После выхода картины на экран Дербенева называли, наряду с Урусевским, «главным представителем поэтического кинематографа в операторском искусстве». Премьера фильма в Доме Кино имела огромный успех и принесла ее создателям почти единодушное признание критики. По мнению редакции журнала «Искусство кино», картина Калика заняла второе место в четверке лучших фильмов 1962 года (после «Девяти дней одного года» Михаила Ромма); интересно, что на третьем месте оказался фильм «Когда деревья были большими», а на четвертом—«Иваново детство».
Незадолго до появления картины «Человек идет за солнцем», на экран вышла дипломная работа Андрея Тарковского «Каток и скрипка», также рассказывающая об одном дне жизни мальчика. Оба фильма по своей фактуре прозрачны и безоблачны, но уже по их названиям можно судить о различиях художественных взглядов режиссеров. В картине Тарковского «был контраст тяжести и легкости, грубой силы и хрупкой красоты, асфальтового катка и детской скрипки» (Л.Аннинский). В фильме Калика нет острых противопоставлений, хотя и его герой сталкивается и с грубой силой, например, в лице «общественника», безжалостно ломающего цветок подсолнуха (так как, по его мнению, «трудящимся нужны розы и хризантемы», а не подсолнухи).
В стилистике Калика преобладают округлые формы: обруч, подсолнух, шар, колеса машины. Все они восходят к единому образу: по земле катится железный обруч, за которым бежит мальчик (удерживая его палочкой перед собой), а по небу катится солнце и заботливо ведет мальчика на поводке своего луча. Можно совершить кругосветное путешествие, но ничего при этом не почувствовать, кроме скуки, а можно постоянно радоваться поэзии повседневной жизни, которая проглядывает из летнего солнечного дня.
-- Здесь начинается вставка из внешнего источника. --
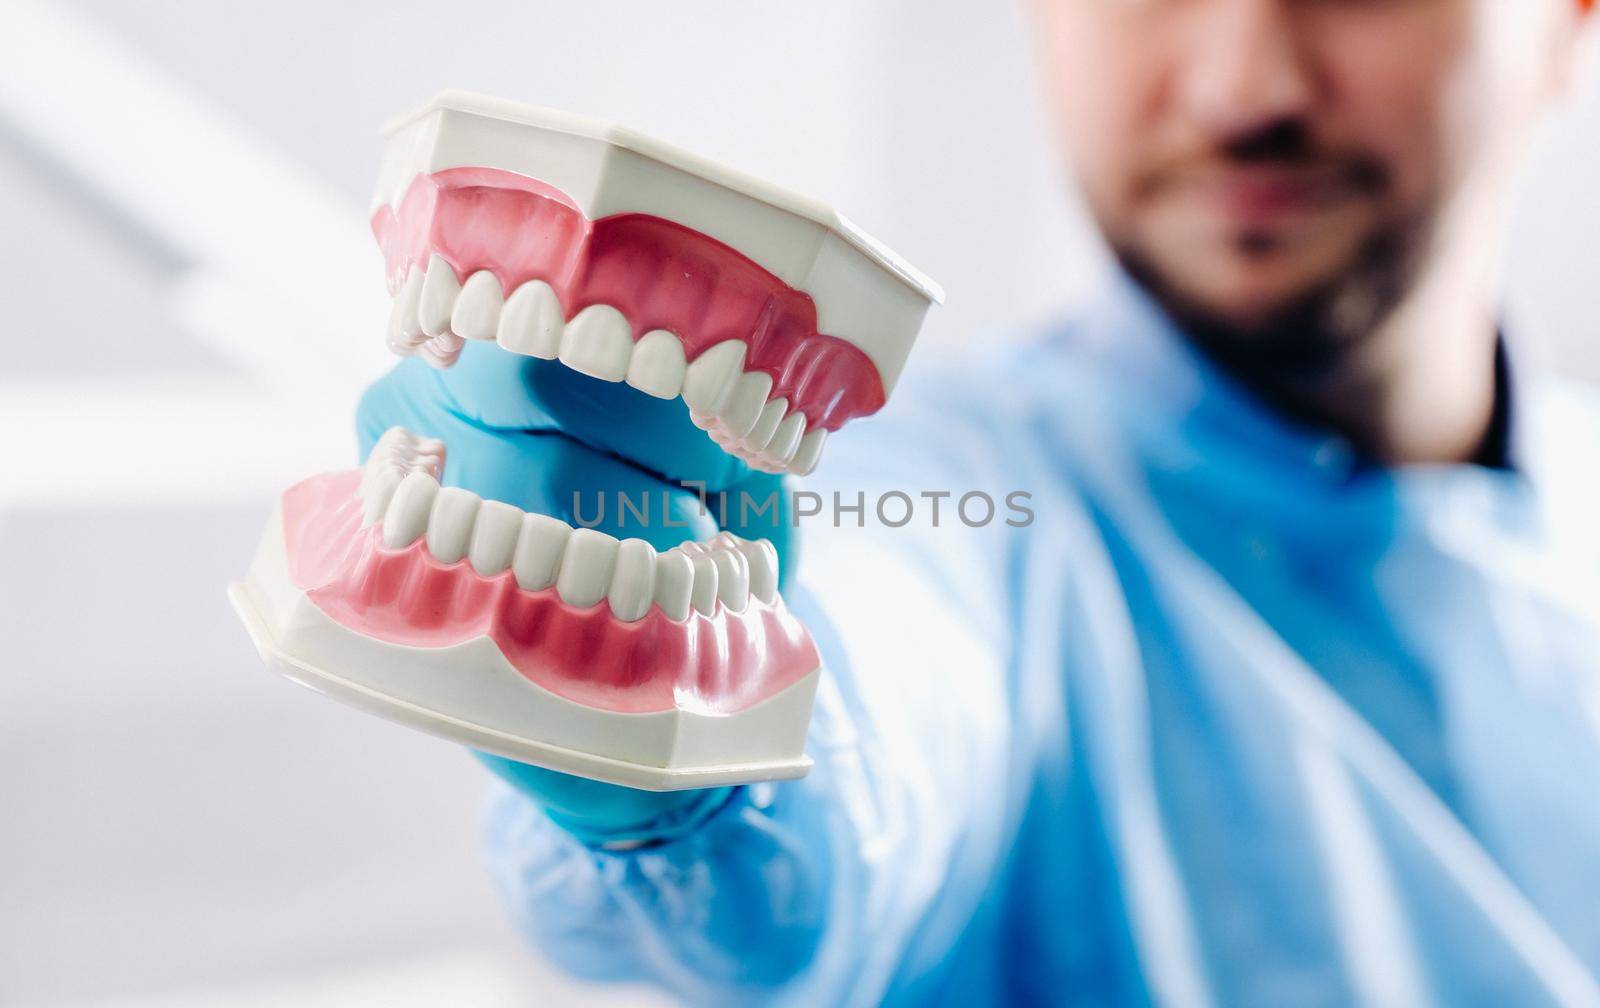 A model of a human jaw with teeth and a toothbrush in the dentist's hand by Lobachad

Паскаль говорил, что Вселенная—это такой круг, центр которого везде, а окружность нигде; стало быть, как замечал Юрий Олеша, «все вместе—Земля, Солнце, Сириус и те планеты, которых мы не видим, и все гигантское пространство между телами—сливаются в одну точку, в которую нужно вонзить ножку циркуля, чтобы описать этот круг»[7]. Вселенная беспредельна в каждой своей точке и населена образами той окружности, которую нельзя описать.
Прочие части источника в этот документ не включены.